▶ _Available data_

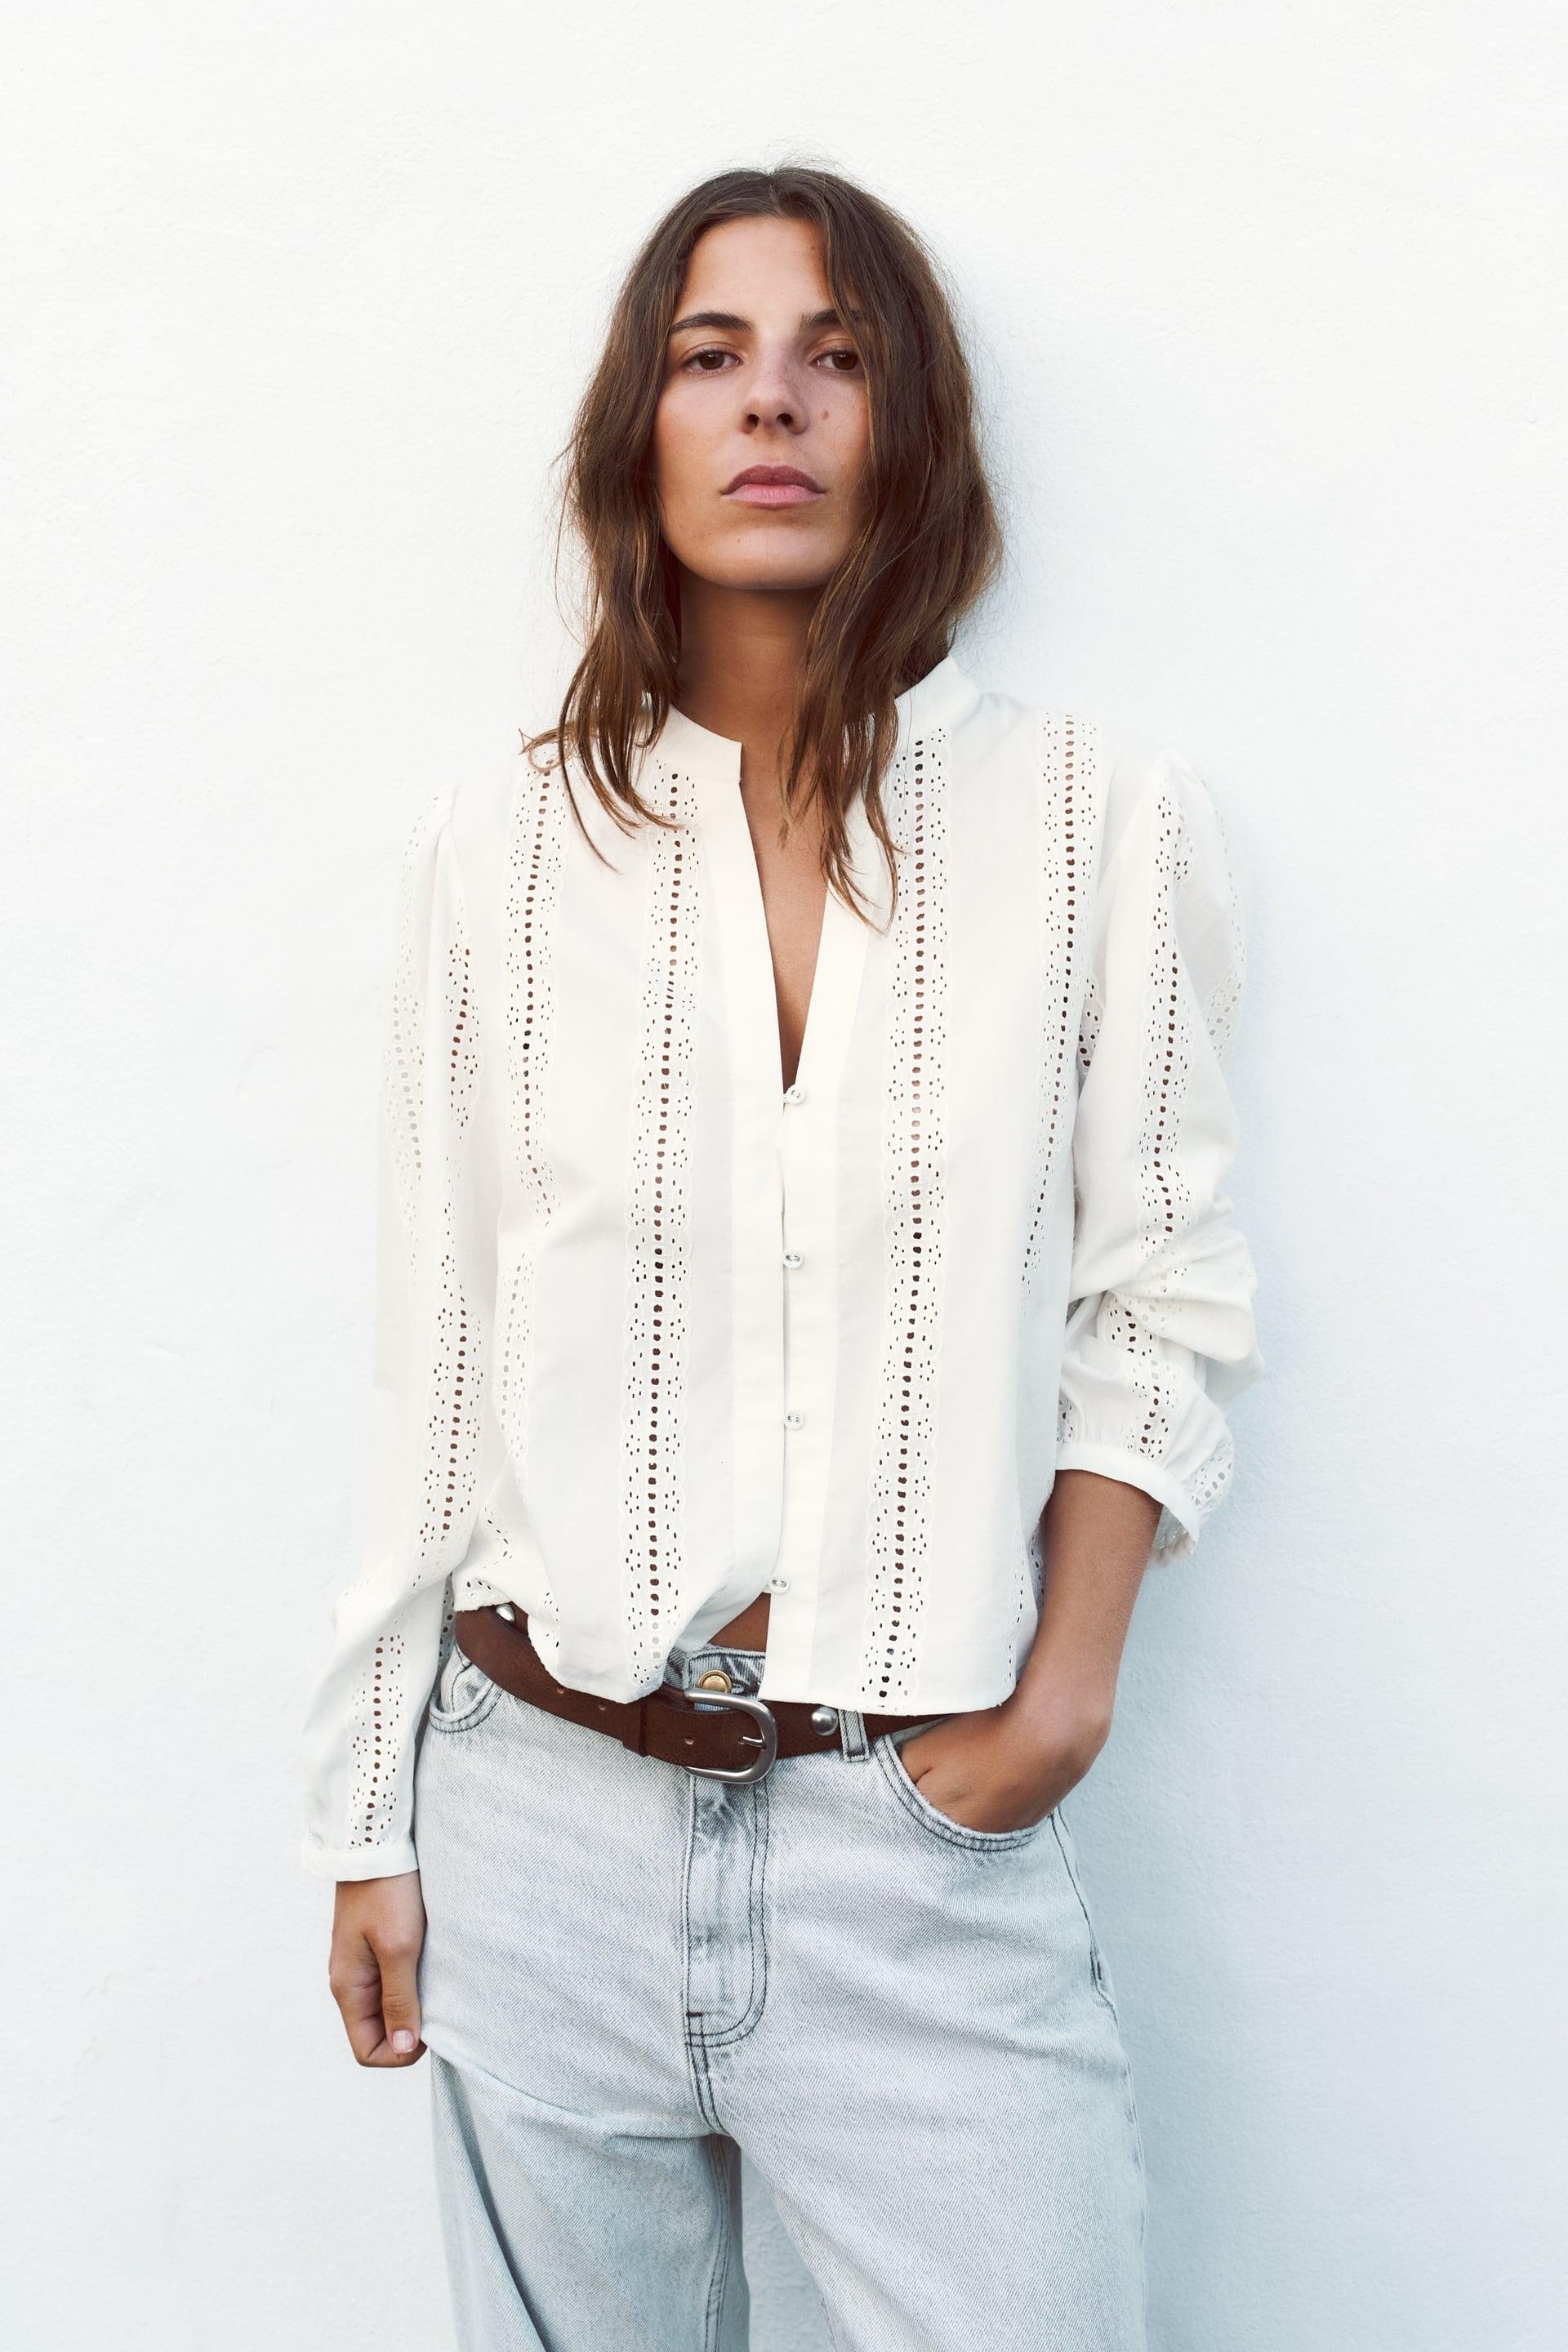 EMBROIDERED EYELET BLOUSE by ZARA
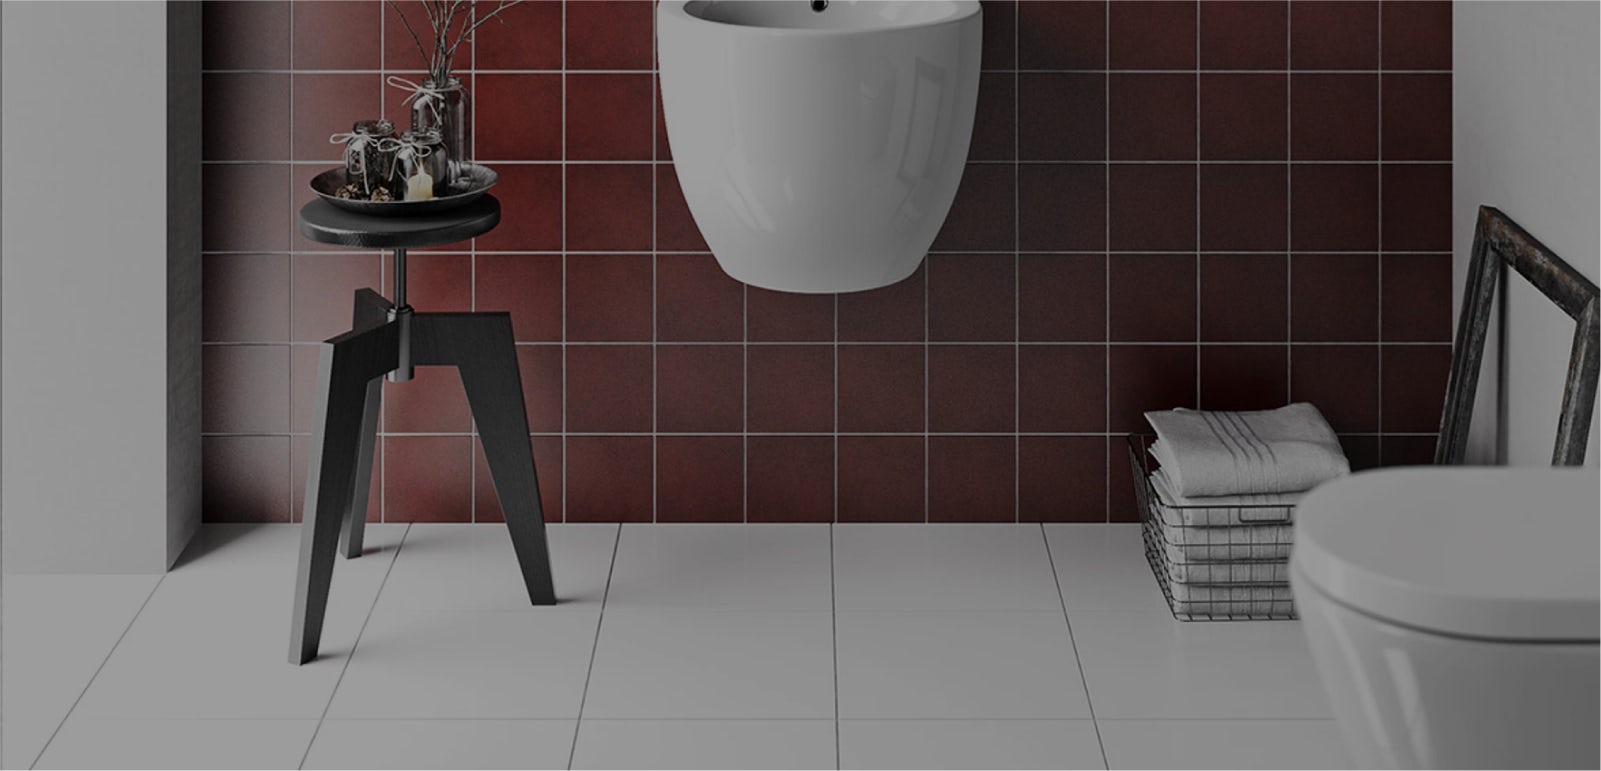 Toilet Before Or After Tiling The Floor, How To Cut Tiles Around Toilet Bowl
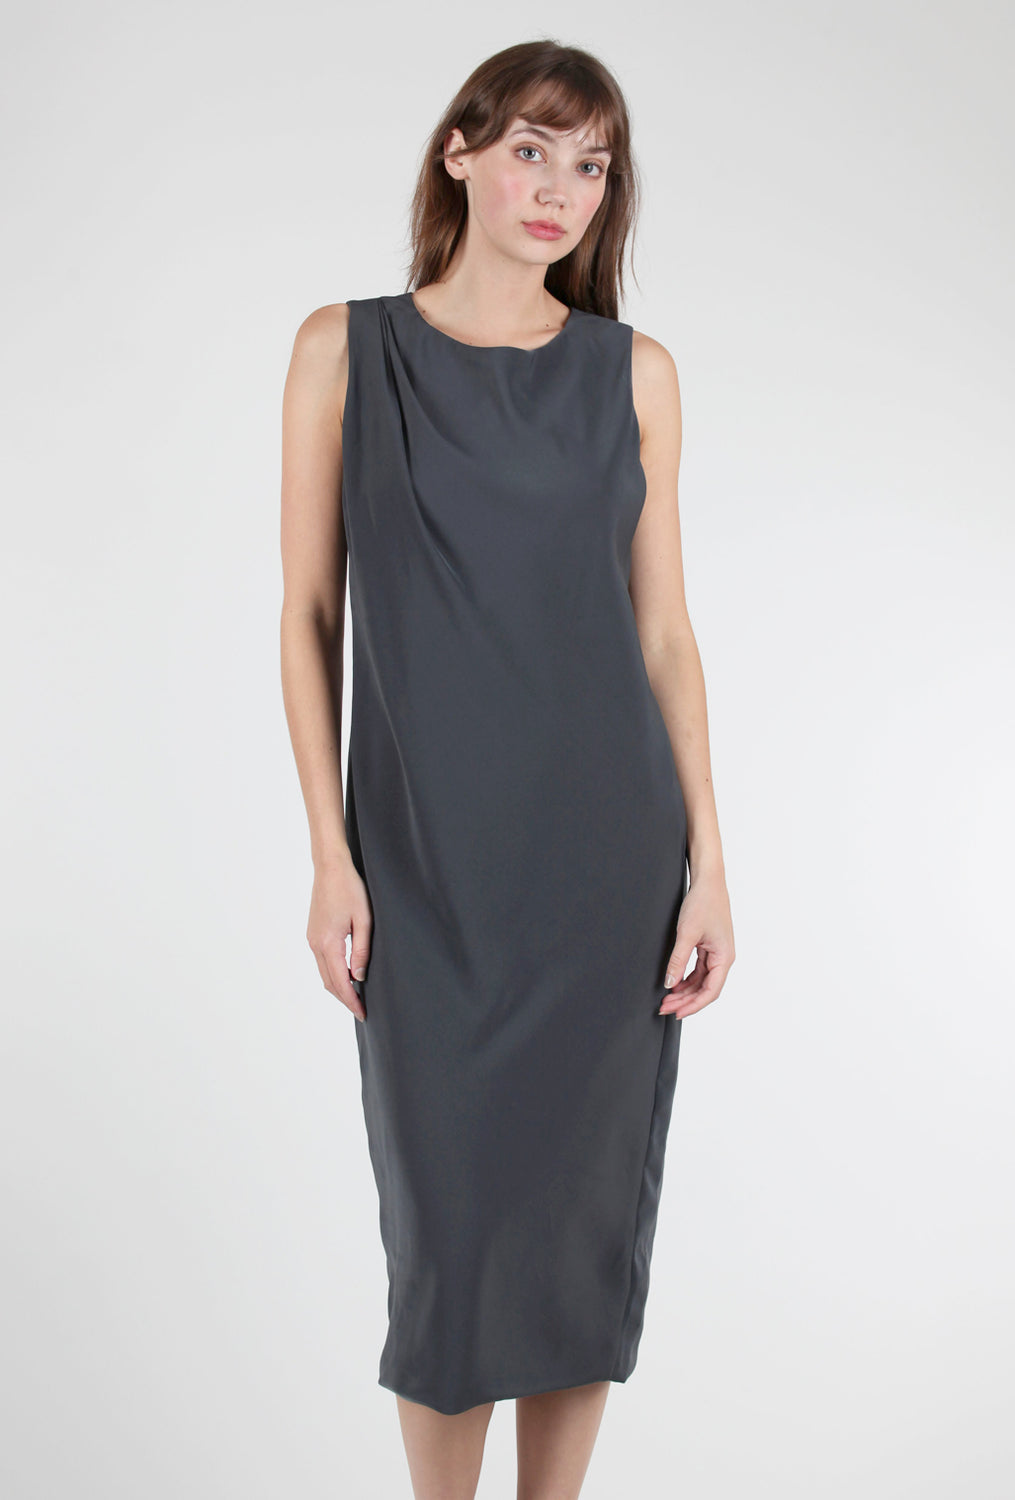 Planet Sophisticated Dress, Obsidian 
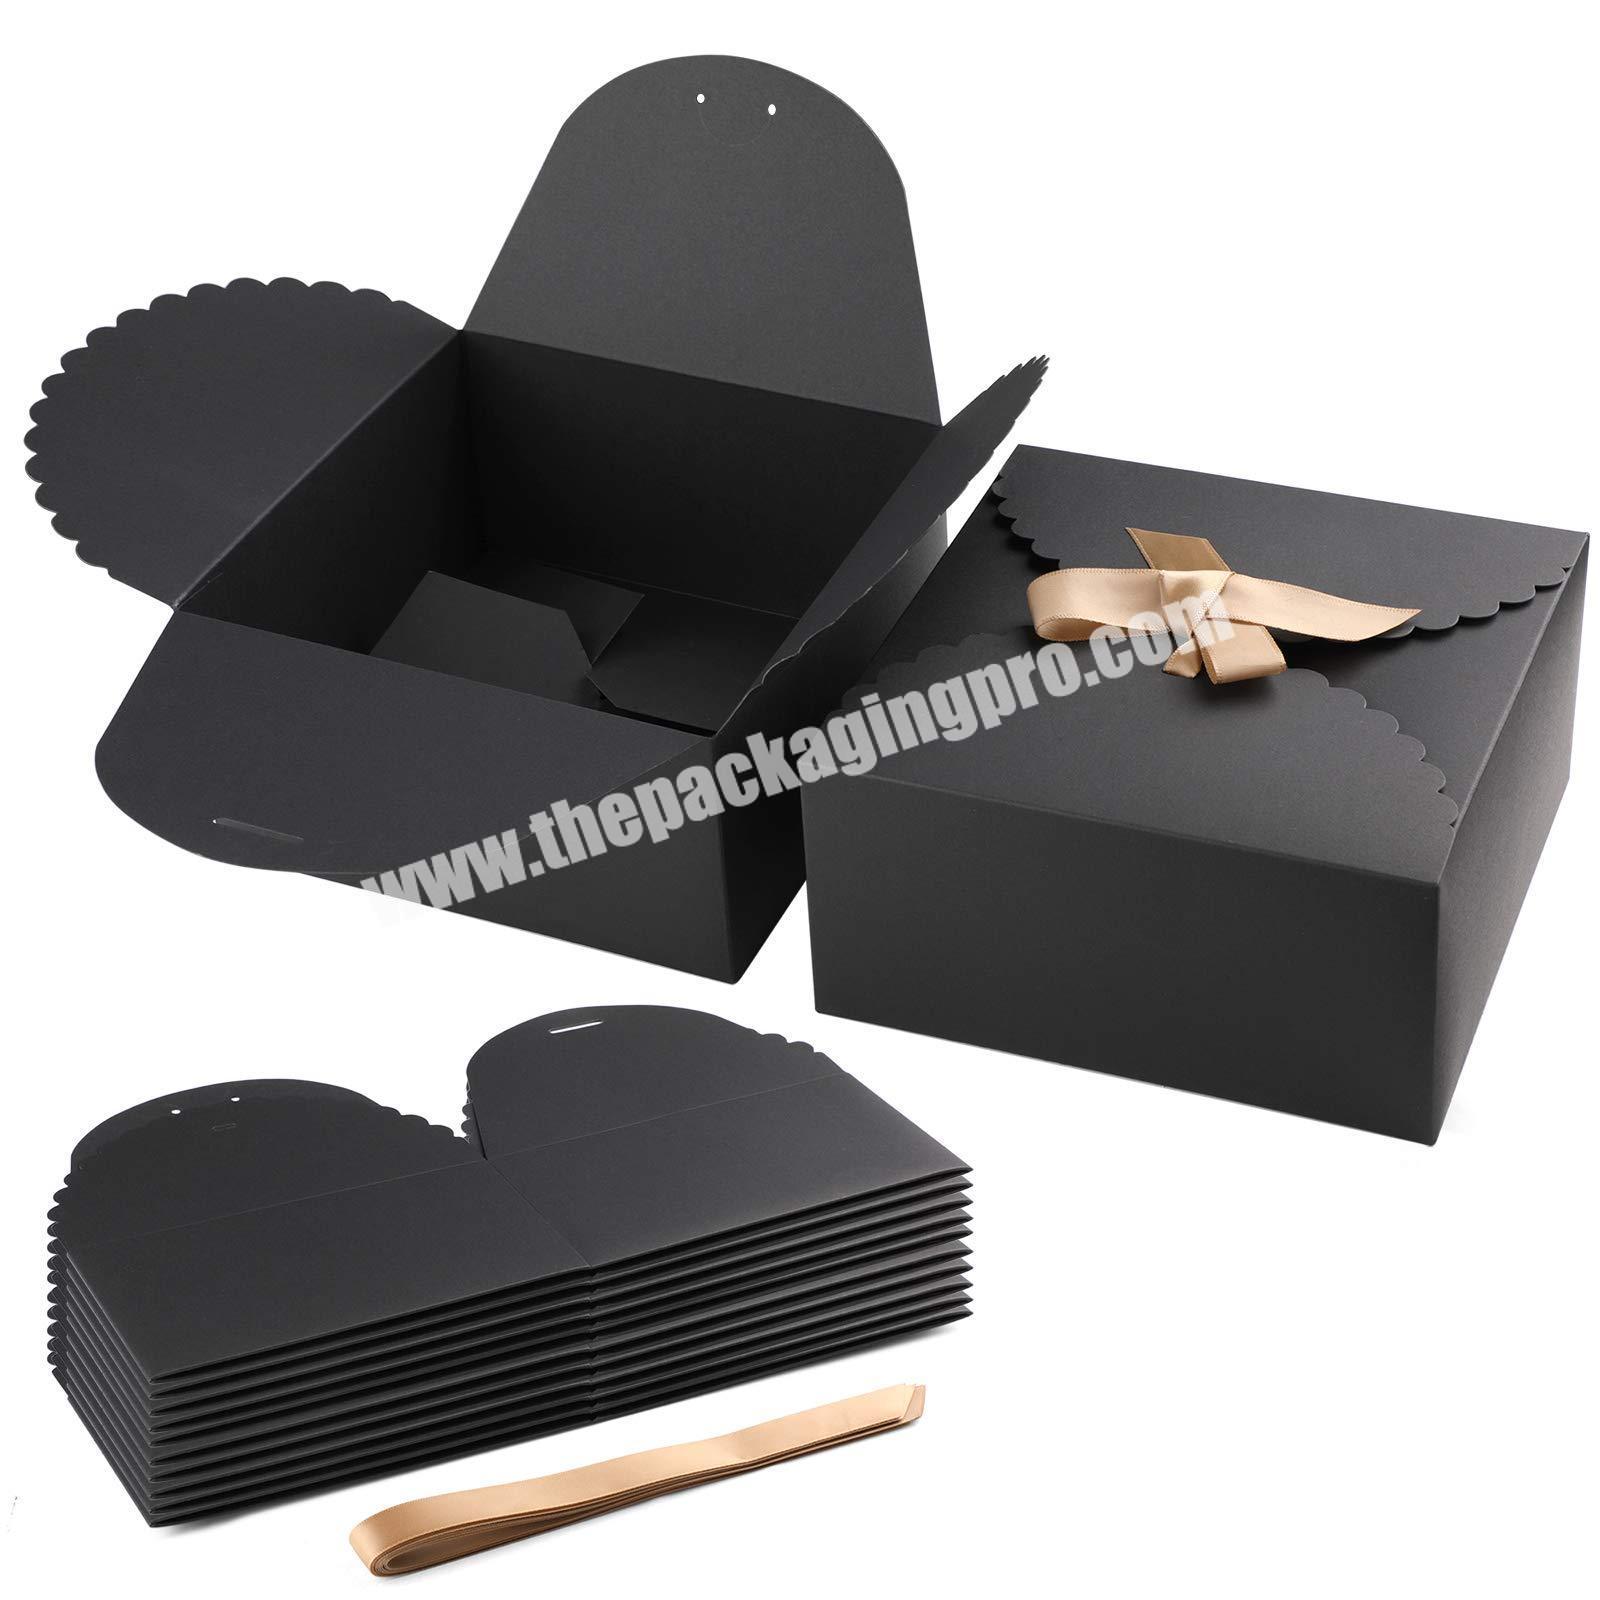 Black Large Gift Box Collapsible for with Crafting Bridal Birthday Party Christmas Father's Day Gift Boxes with Lid

▶ _Required action_
Transcribe the listing word for word, but keep its pictures out of the copy.

▶ _Finished task_
 EMBROIDERED EYELET BLOUSE by ZARA
 Toilet Before Or After Tiling The Floor, How To Cut Tiles Around Toilet Bowl
 Planet Sophisticated Dress, Obsidian 
 Black Large Gift Box Collapsible for with Crafting Bridal Birthday Party Christmas Father's Day Gift Boxes with Lid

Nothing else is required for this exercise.